Exercise prompt:
Pictures are to be left out, and only the lines below starting at the one with "Hardest hit industries" and ending at the one with "Beta Tea Yüksek" are to be reproduced, each exactly, both ends included.

Exercise inputs START

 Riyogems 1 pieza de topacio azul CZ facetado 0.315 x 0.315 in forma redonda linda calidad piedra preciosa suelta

Exercise inputs END
Exercise inputs START

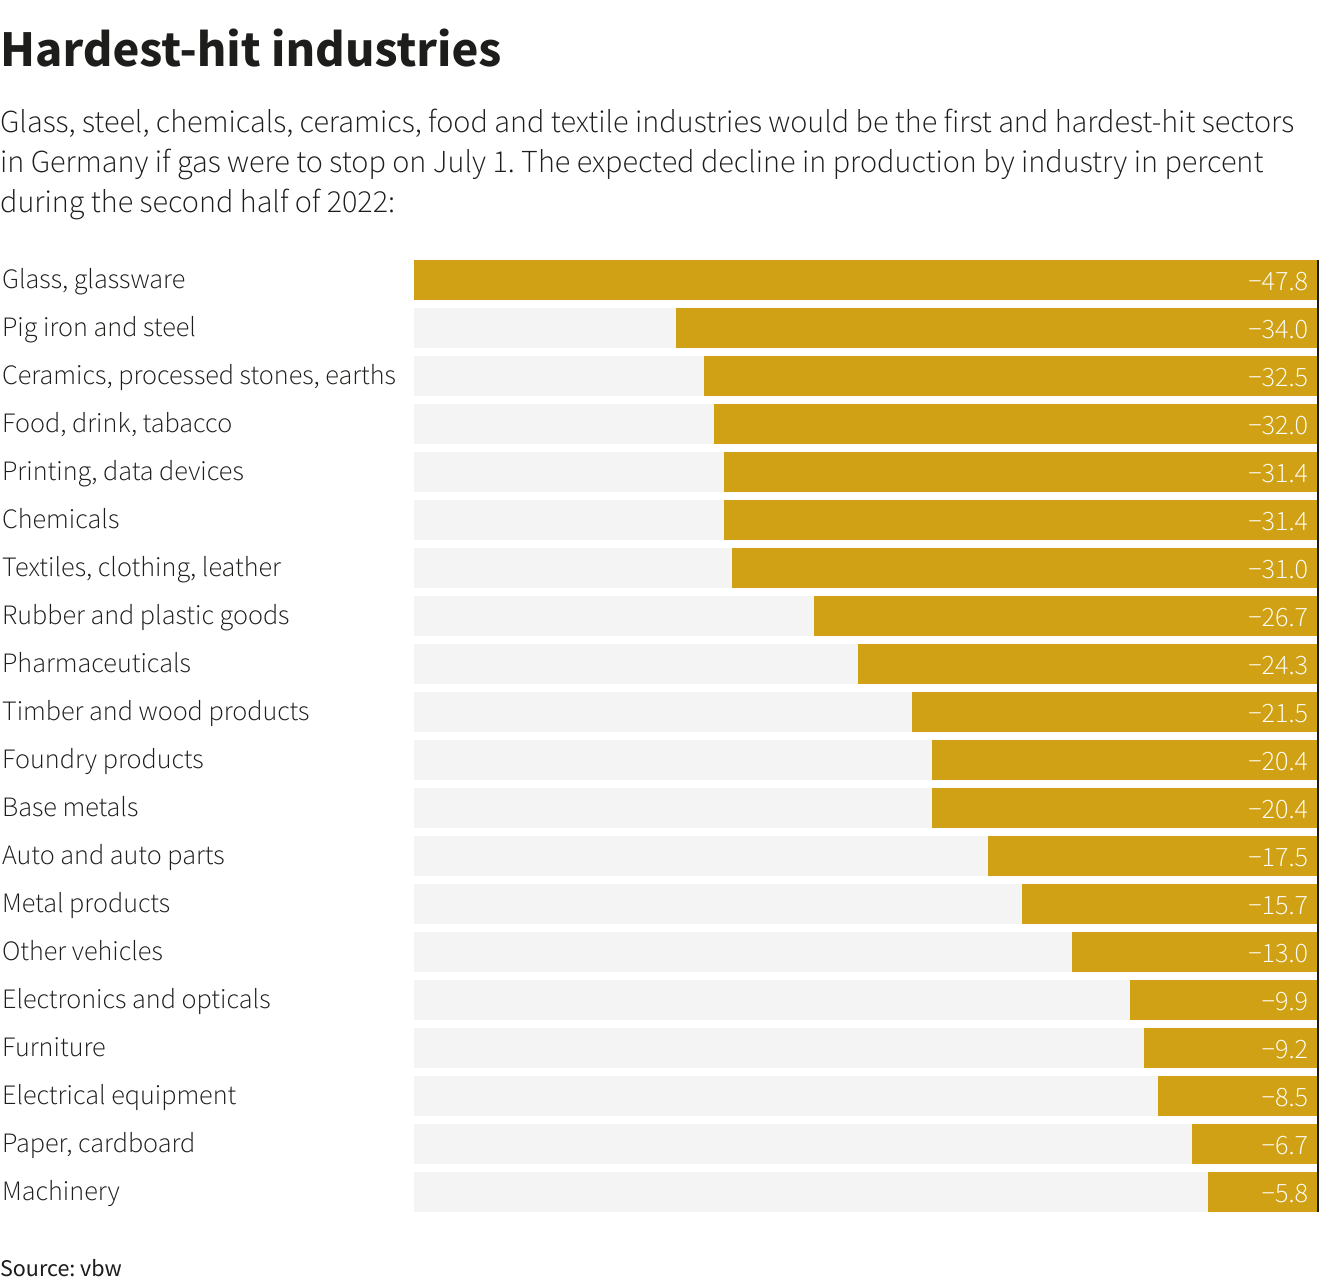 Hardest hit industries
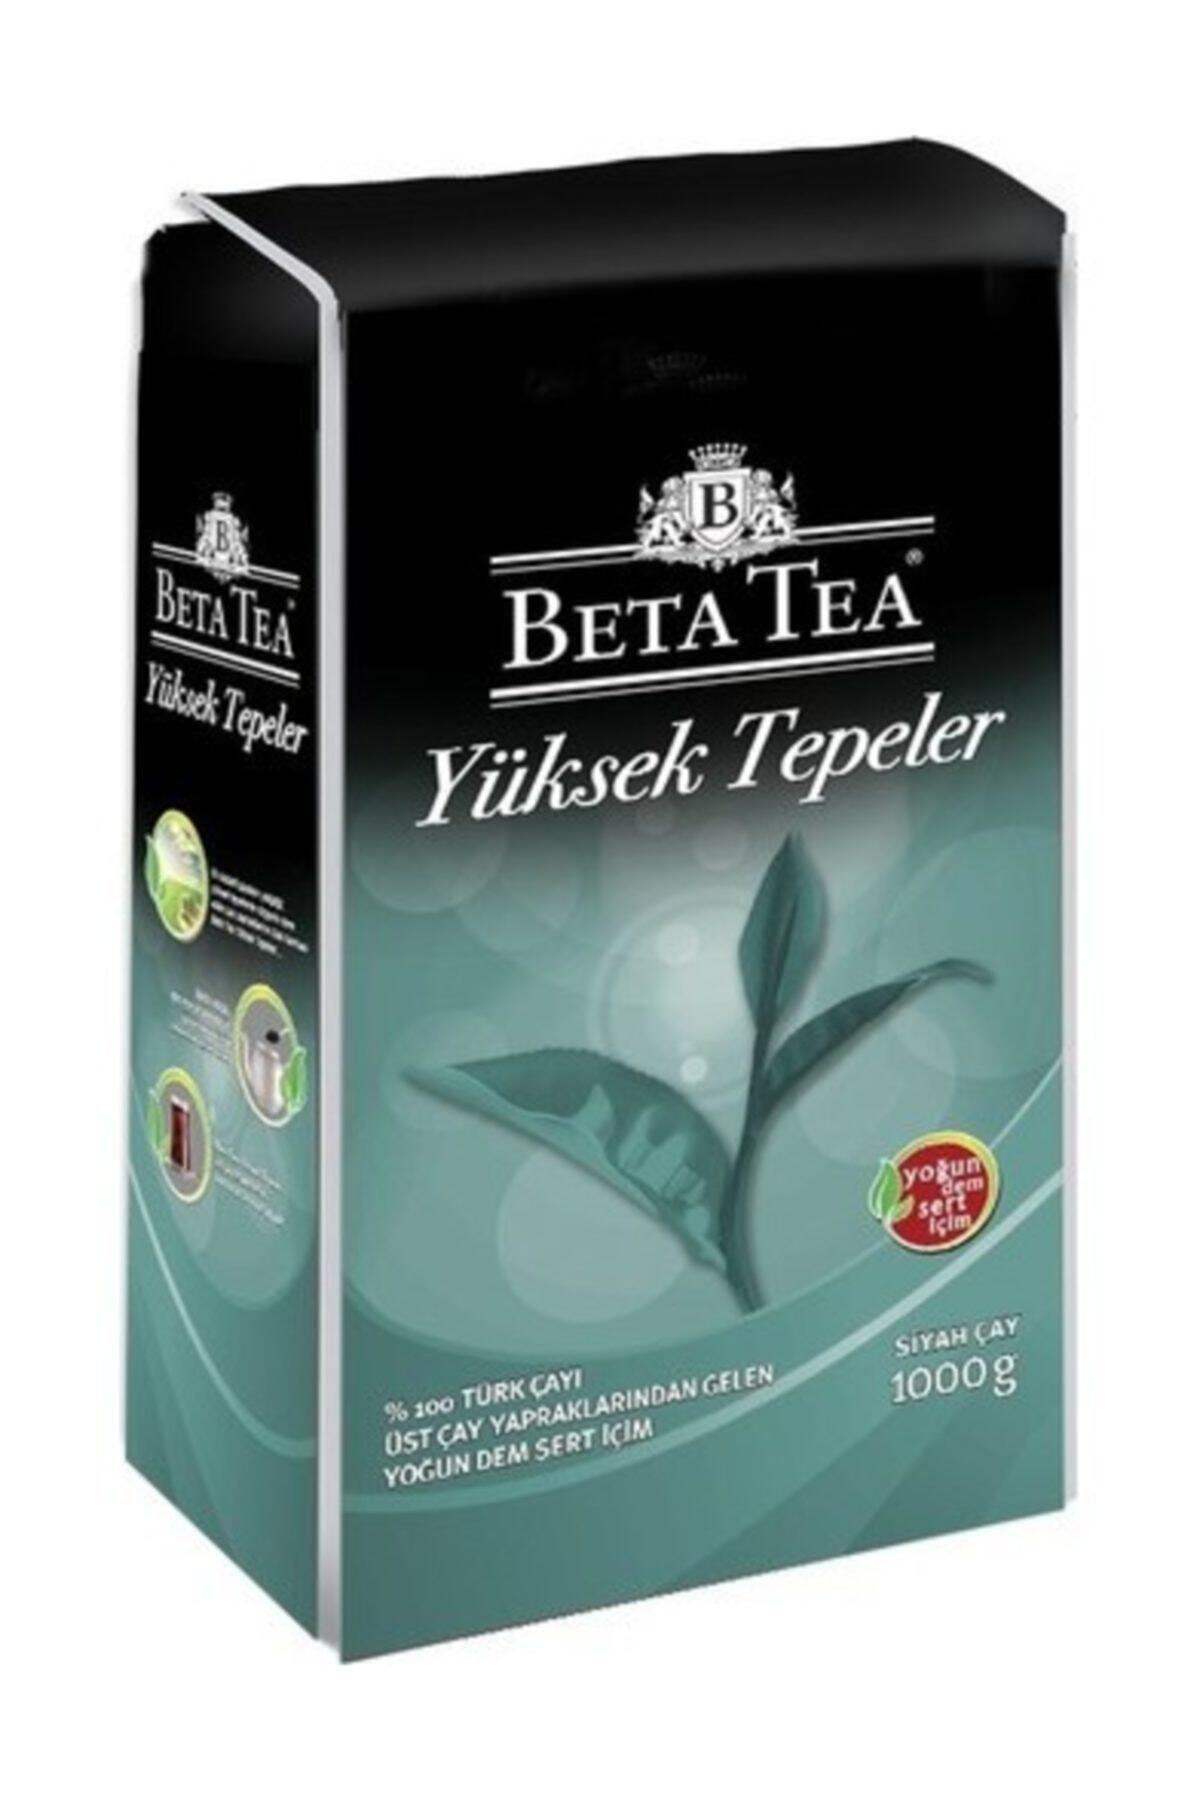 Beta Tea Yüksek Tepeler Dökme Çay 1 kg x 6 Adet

Exercise inputs END

Exercise answer:
 Hardest hit industries
 Beta Tea Yüksek Tepeler Dökme Çay 1 kg x 6 Adet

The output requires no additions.